Vu les articles L.142-1 et suivants du Code de la sécurité sociale portant organisation du contentieux de la Sécurité sociale,
Après avoir entendu les parties en leurs explications et conclusions, le Président a fait savoir aux parties que le jugement serait rendu par mise à disposition au Greffe le 15 Décembre 2025.
JUGEMENT du 15 Décembre 2025
Rendu à cette audience par mise à disposition au Greffe, en application
de l’article 450 alinéa 2 du Code de procédure civile,
Signé par Lorraine MEZEL, Présidente du Pôle social, et par Delphine PROVOST GABORIEAU, Greffier
EXPOSE DU LITIGE
Le 04 janvier 2023, M. [G] [D] (l’assuré), salarié de la SAS [9] (l’employeur) en qualité de conducteur de laverie, a établi une déclaration de maladie professionnelle mentionnant une « tendinopathie supra épineux et infra épineux avec à l’IRM rupture du tendon du supra épineux ». Cette déclaration était accompagnée d’un certificat médical initial du 06 décembre 2022 constatant cette affection.
Après instruction, la [6] (la caisse) a décidé le 11 mai 2023 de prendre en charge la pathologie déclarée au titre de la législation sur les risques professionnels, en tant que « Rupture partielle ou transfixiante de la coiffe des rotateurs de l’épaule gauche objectivée par [8] », mentionnée au tableau n°57 A des maladies professionnelles.

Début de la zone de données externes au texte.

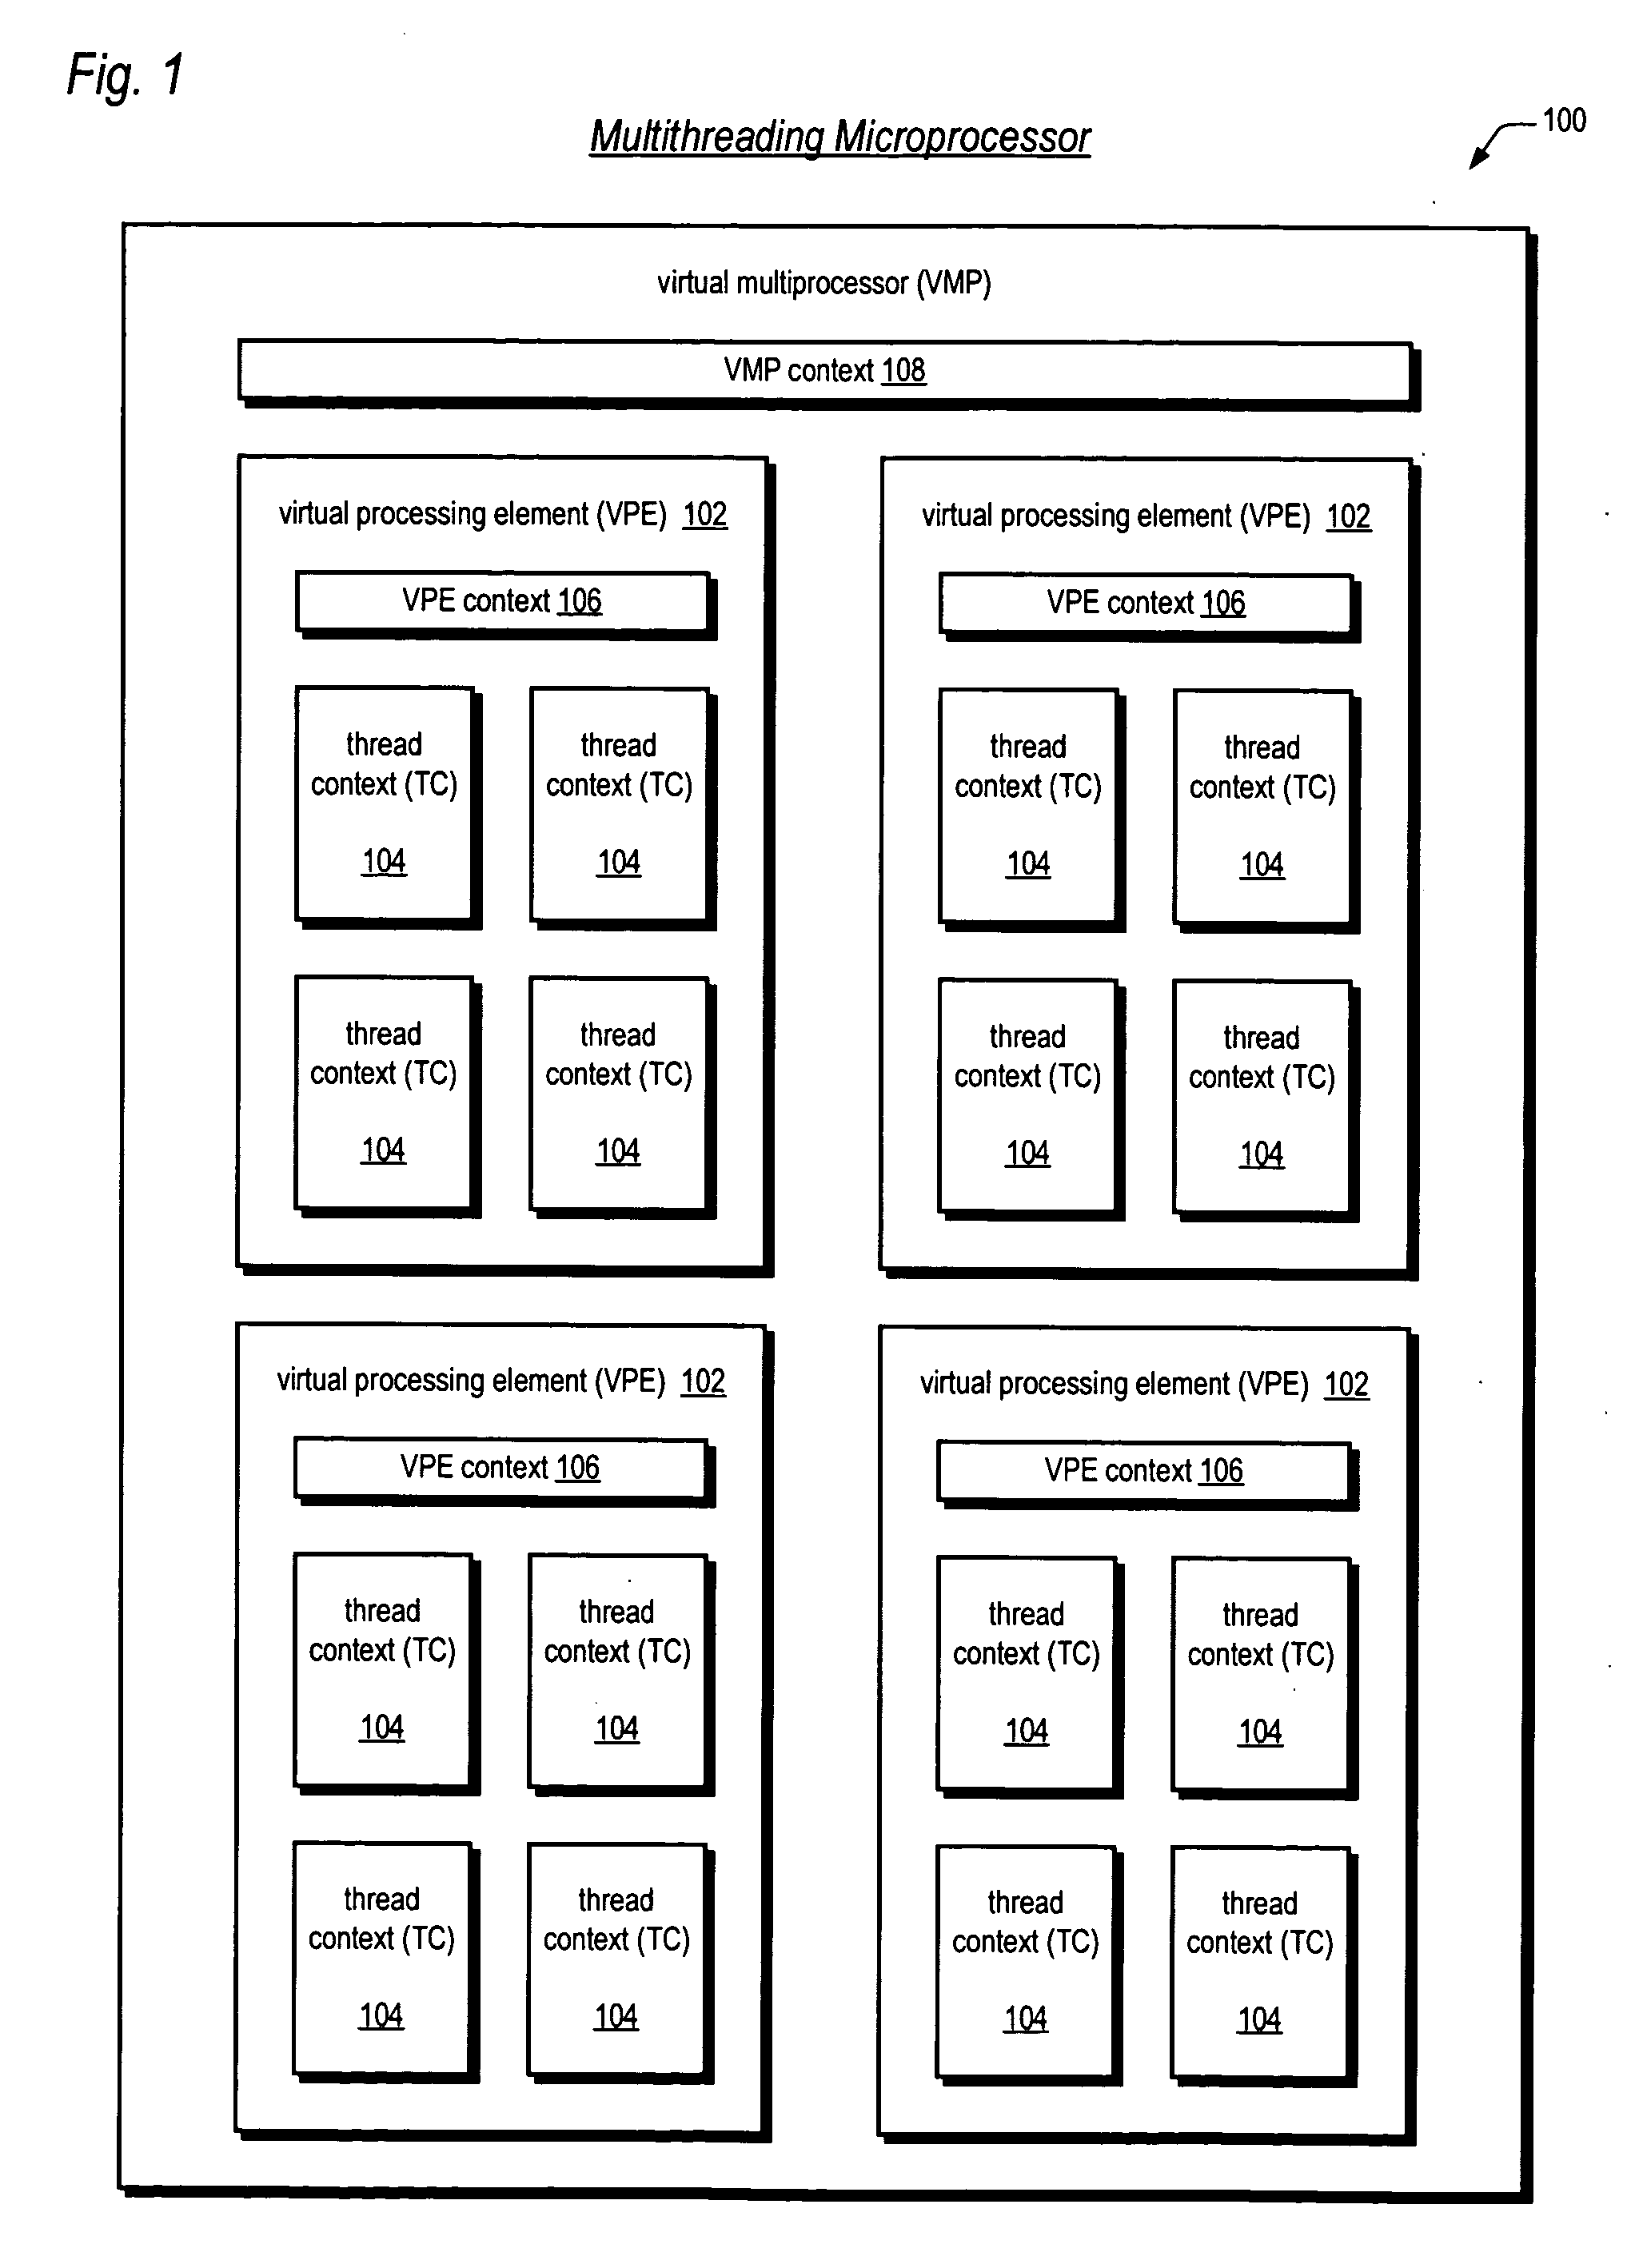 Apparatus, method, and instruction for software management of multiple computational contexts in a multithreaded microprocessor

Par courrier reçu le 17 juillet 2023, l’employeur a contesté cette décision devant la commission de recours amiable, laquelle a, par décision du 07 septembre 2023, rejeté le recours de l’employeur.
Par requête déposée au greffe le 20 octobre 2023, l’employeur a saisi le pôle social du tribunal judiciaire d’Angers aux mêmes fins.
L’affaire a été retenue à l’audience du 22 septembre 2025.
A cette date, l’employeur, dispensé de comparaître à sa demande, s’en réfère à ses conclusions récapitulatives n°2 datées du 15 septembre 2025 et aux termes desquelles il demande au tribunal de :
— infirmer la décision de la commission de recours amiable ;
— lui déclarer inopposable la décision de prise en charge de la maladie ;
— à titre reconventionnel, condamner la caisse à lui payer la somme de 1.000 euros au titre de l’article 700 du code de procédure civile.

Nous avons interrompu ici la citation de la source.